На самом деле не может быть и речи об эксклюзивном «особом пути» российского государства в XVIII веке: дискурсы и практики цивилизирования, аккультурации и ассимилирования обнаруживают многочисленные параллели с образом мышления и с поведением других европейских колониальных держав[1565]. В то же время оказывается, что в области различий линии проходят не где-то между российской державой, с одной стороны, и всеми другими европейскими империями, с другой. Скорее в вопросе политики цивилизирования и ассимилирования европейские державы можно примерно отнести к четырем категориям[1566].
В первом типе, как, например, в случае Франции, в Новом Свете уже до XVIII века развивалась как политика цивилизирования, так и политика ассимилирования. Правда, неудача в Новой Франции (Канаде) и тех и других усилий еще в XVII веке привела к отказу от этой политики. Однако часть французской колониальной элиты использовала просветительский нарратив прогресса, чтобы в XVIII веке вернуться к прежнему идеалу ассимилирования, теперь в рамках ранее неизвестного универсалистского нарратива[1567]. Другие империи, такие как Испания и Португалия (второй тип), хотя до XVIII века уже разработали политику цивилизирования, однако еще не стремились к ассимилированию коренных жителей имперских окраин[1568]. Здесь только в конце XVIII века стали использоваться нарративы Просвещения, чтобы связать прежнюю проводимую исключительно миссионерами политику цивилизирования с концептами, вытекающими из идеи прогресса и направленными на ассимилирование.
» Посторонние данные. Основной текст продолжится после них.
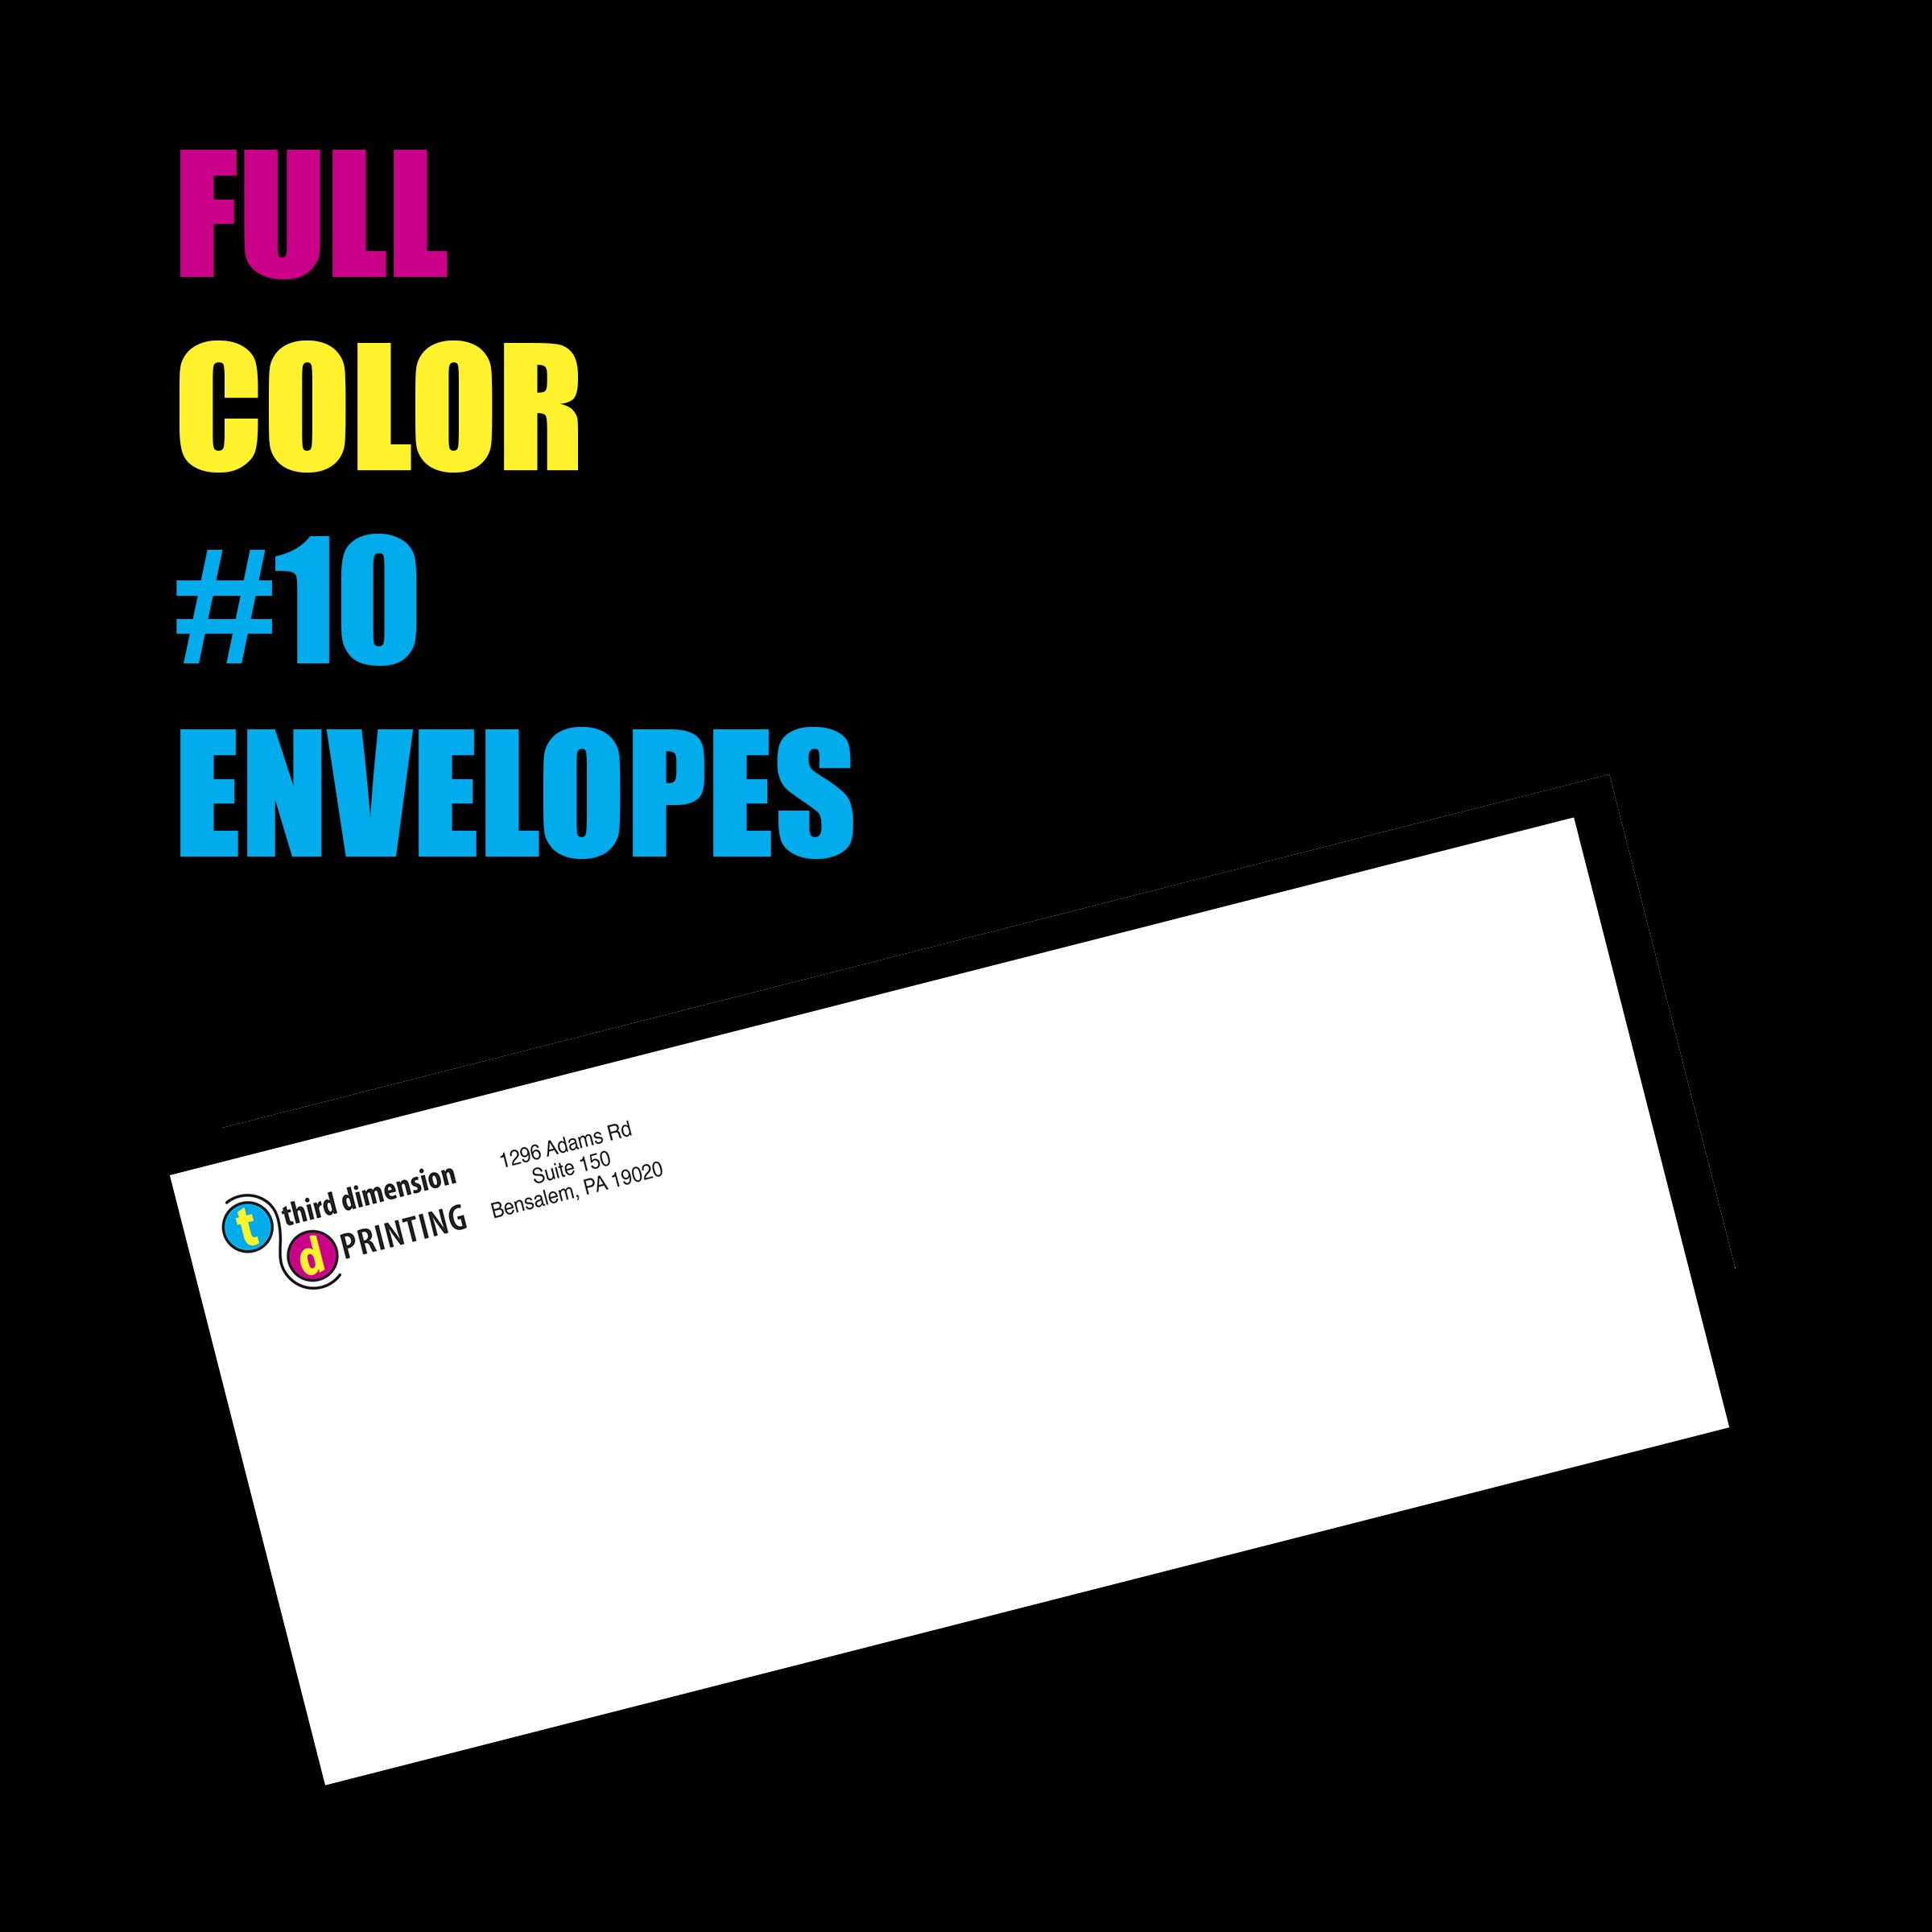 Full Color #10 Business Envelopes

Российская держава относится к третьему типу империй, которые до XVIII века не проводили ни политику цивилизирования, ни политику ассимилирования. Только восприятие раннепросветительских дискурсов привело как к выработке стратегий цивилизирования, так и к началу ассимиляционного дискурса, которые во многих местах, хотя и не систематически и не повсеместно, также находили отражение в практике российской элиты. Великобритания относится к четвертому типу великих европейских империй, где рецепция просветительских нарративов только к концу XVIII века привела к тому, что были разработаны стратегии цивилизирования, которые впоследствии также перешли в политику цивилизирования[1569]. Однако в отличие от имперских элит остальных великих европейских империй, британская элита в течение XVIII века ни разу не задумывалась о том, чтобы сочетать свою миссию цивилизирования с политикой аккультурирования или даже ассимилирования[1570].
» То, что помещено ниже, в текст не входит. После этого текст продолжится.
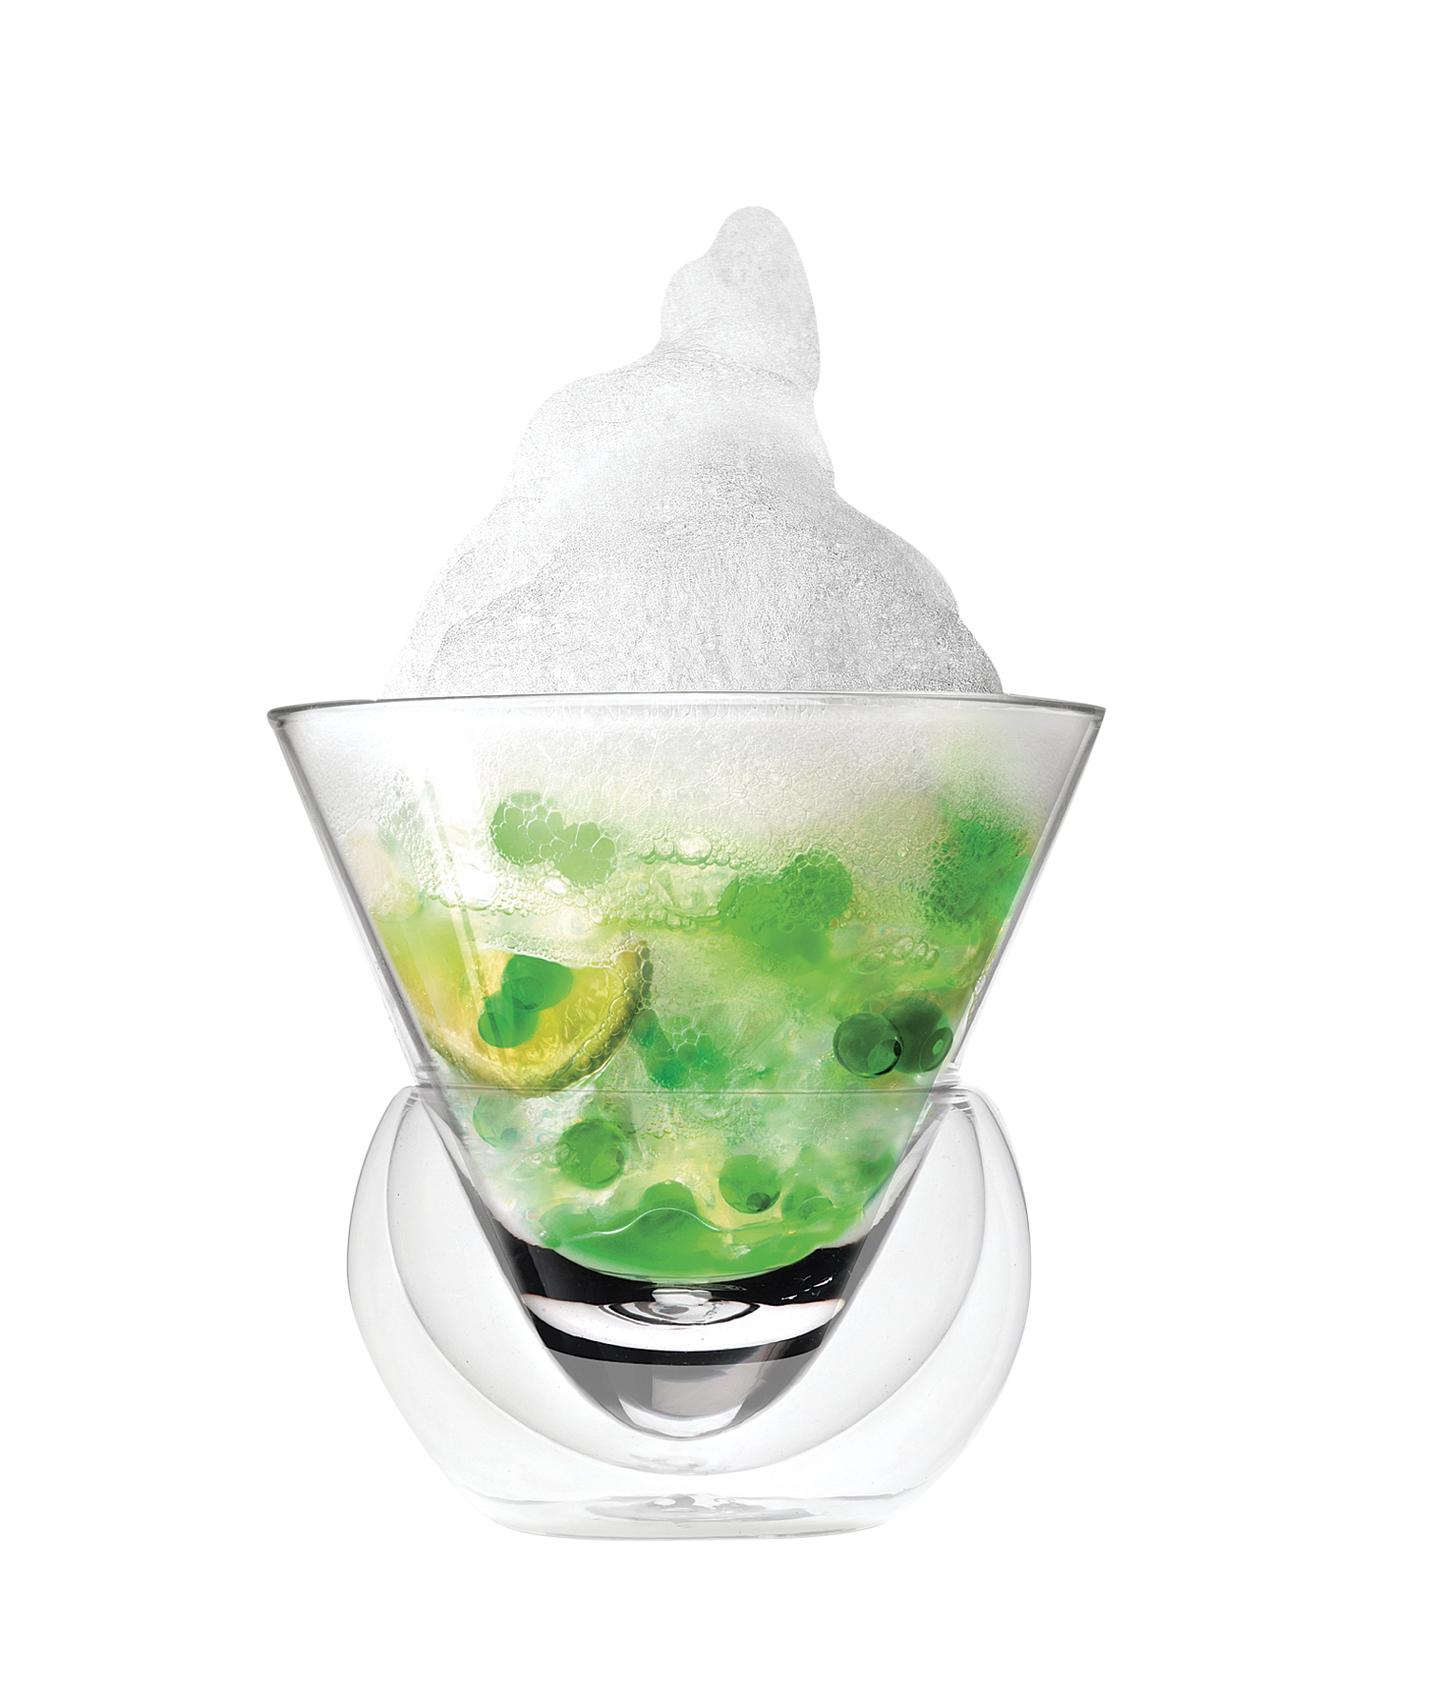 Kit cocktail mojito mol culaire kit mixologie r evolution super insolite - Cocktail cuisine moleculaire ...

Итак, если не существовало «европейской нормы» для ответа на вопрос о том, имели ли колониальные державы в XVIII веке намерения цивилизирования и ассимилирования, и если да, то с какого времени, и если случай Российской империи скорее можно назвать одним из различных европейских вариантов, то возникает вопрос, в чем состояла российская специфика. Приведенные ниже основные результаты работы призваны ответить на вопрос, где зародилась российская идея ассимиляции, в каких отношениях она находилась с российским стремлением к цивилизированию, какие изменения претерпели как концепции, так и практики политики ассимилирования и цивилизирования в течение XVIII века и почему от обеих концепций так долго не отказывались — по меньшей мере на дискурсивном уровне.
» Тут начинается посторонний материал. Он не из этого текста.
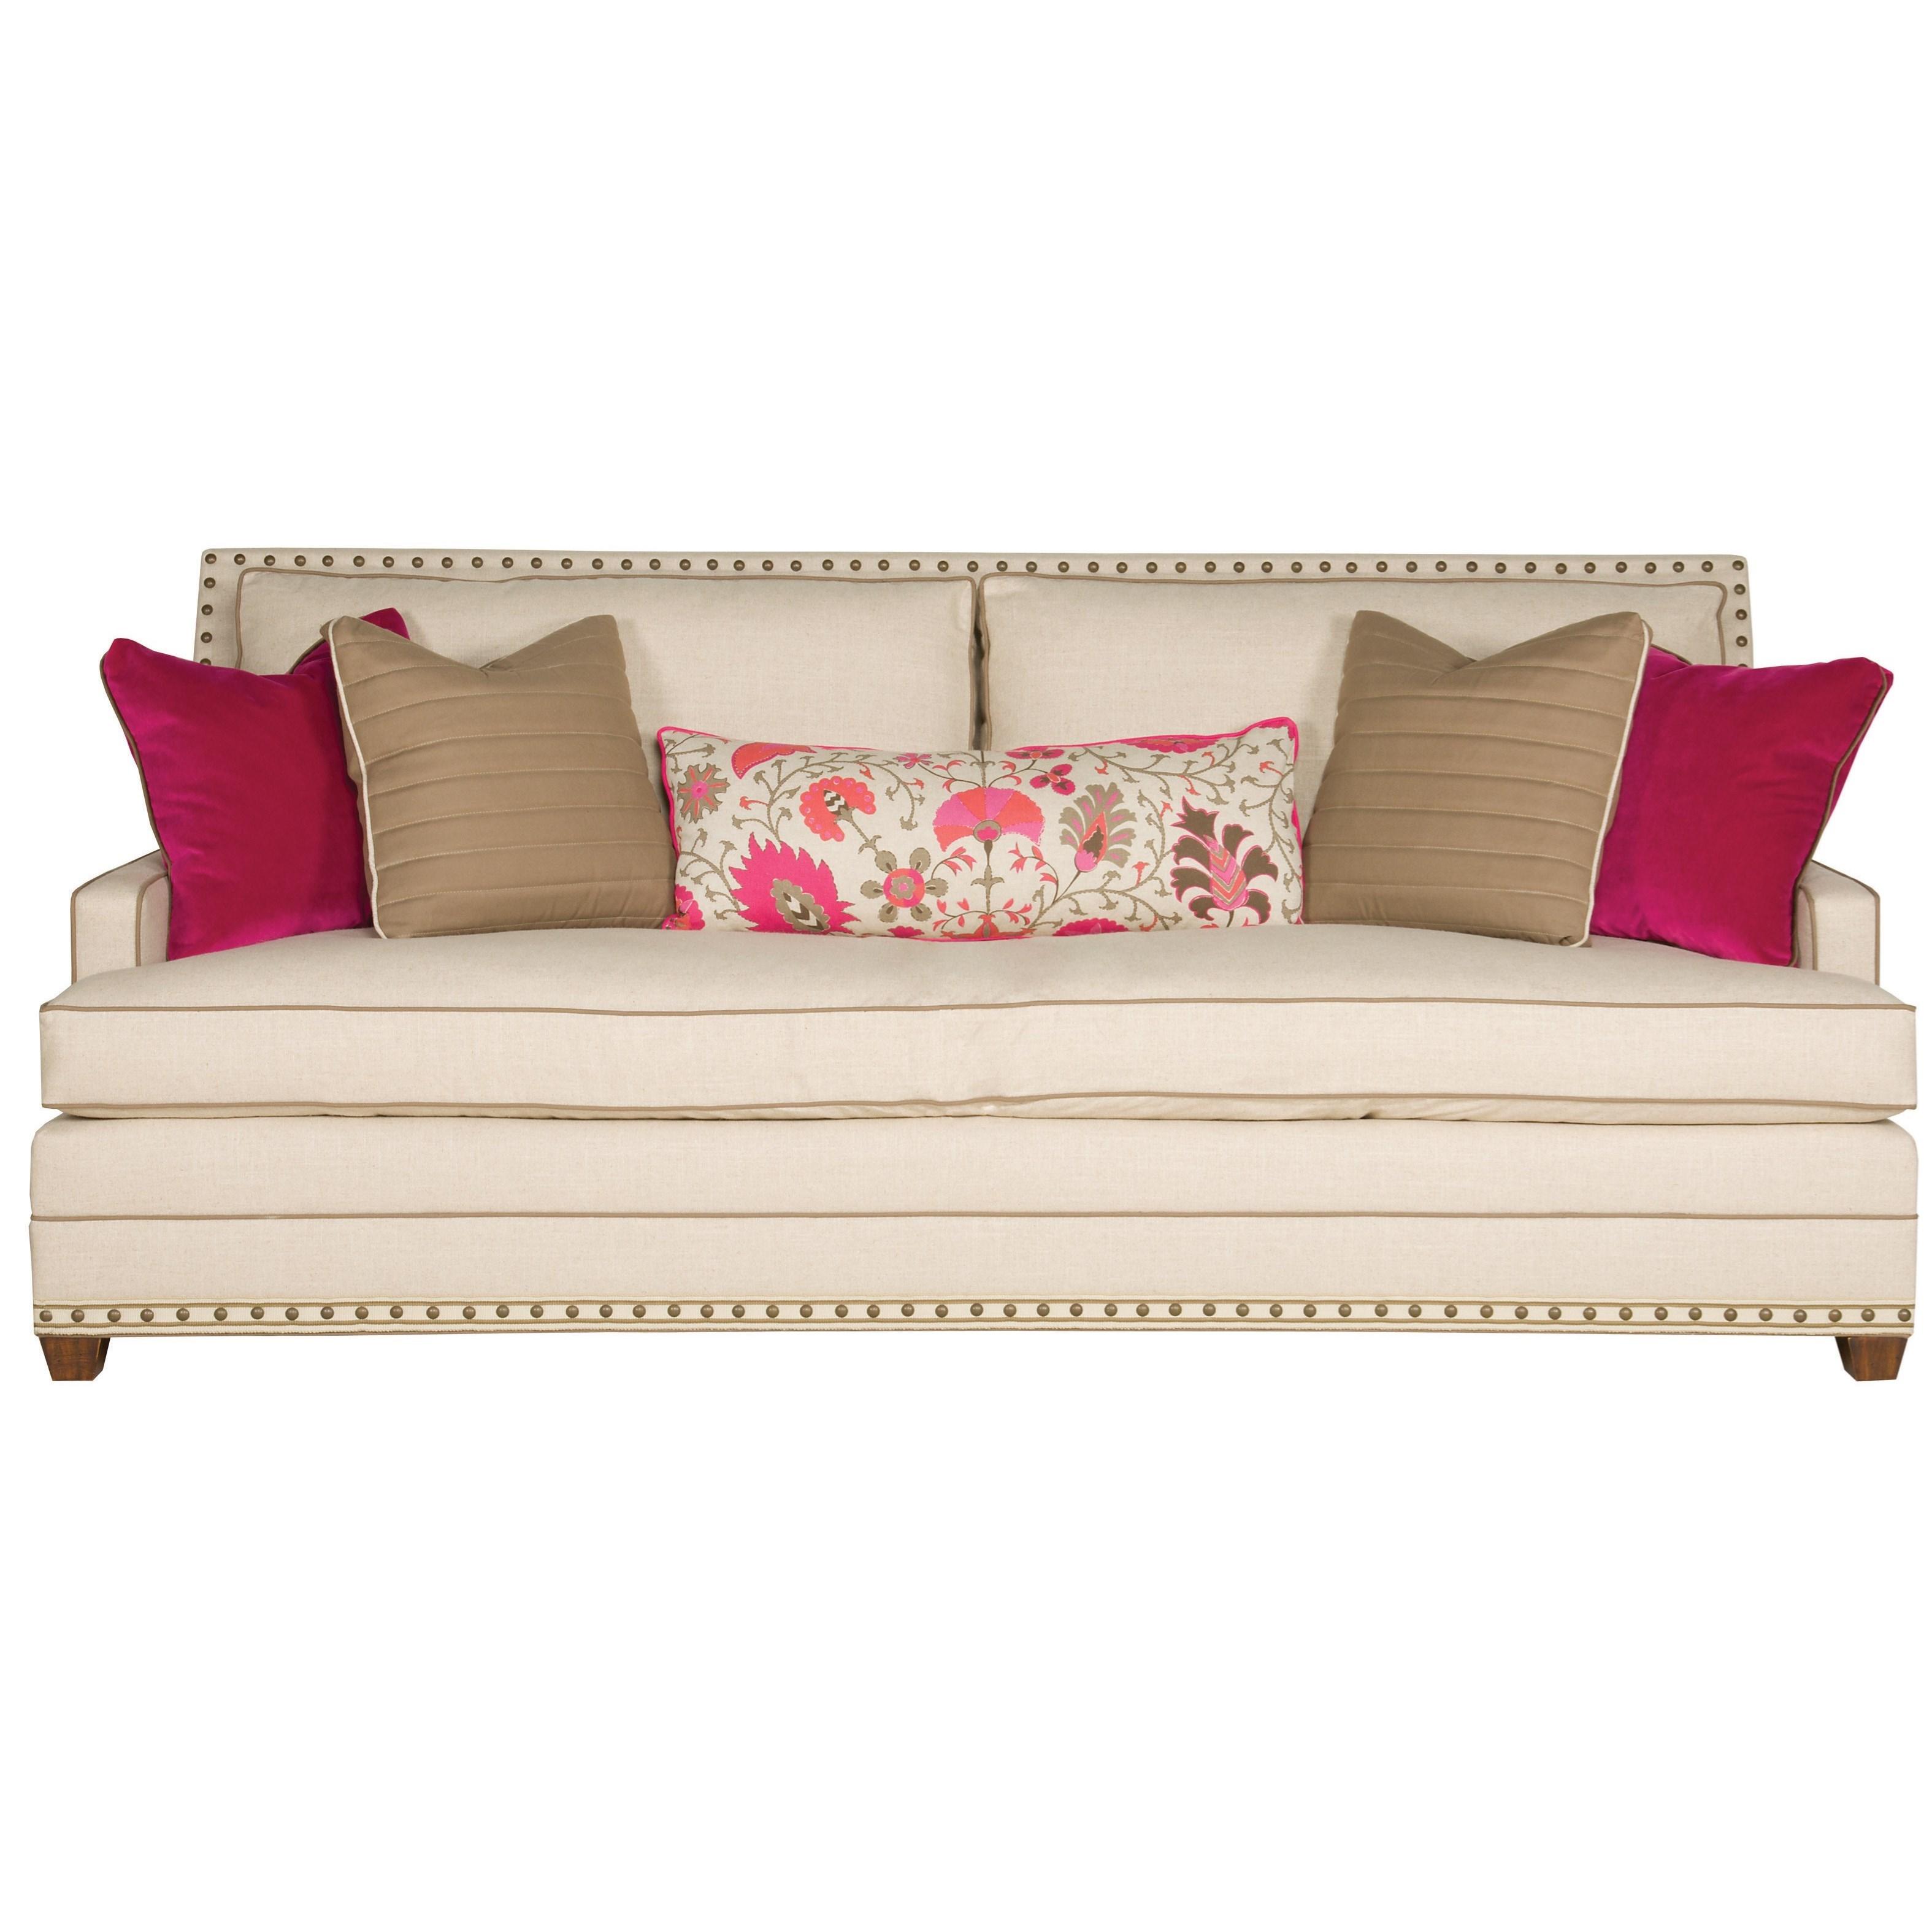 American Bungalow Riverside Sofa by Vanguard Furniture at Baer's Furniture

Как в случае французского господства в Новой Франции, так и в случае Российской империи происхождение идеи цивилизирования иных народов тесно переплеталось с мыслью о самоцивилизировании. В случае Франции со времен гуманизма часть элиты пришла к выводу, что французы являются потомками галлов и, таким образом, сами когда-то были варварами, которых цивилизировали римляне. Из аргументации следовало, что лишь подражание Античности дало французам возможность снова наверстать упущенное, вновь цивилизироваться. Наряду с самоцивилизированием, которое все еще рассматривалось как нечто необходимое и в традиции которого видели себя philosophes Просвещения, они рассматривали заокеанские страны как шанс пойти по стопам Рима и компенсировать свой прежний невыгодный статус, оказывая, как французы, цивилизирующее воздействие на «еще совершенно дикие» народы[1571]. Схожим образом в случае российского государства цивилизирование других стало результатом нового притязания Петра I на то, что жители его собственной страны принадлежат к группе «цивилизированных народов». Этот новый статус среди прочего выражался в убеждении, что держава имеет возможность, право или даже обязанность цивилизировать Других, которые еще не относятся к этой группе. И как в случае Новой Франции, политика цивилизирования с самого начала была связана с идеалом ассимиляции.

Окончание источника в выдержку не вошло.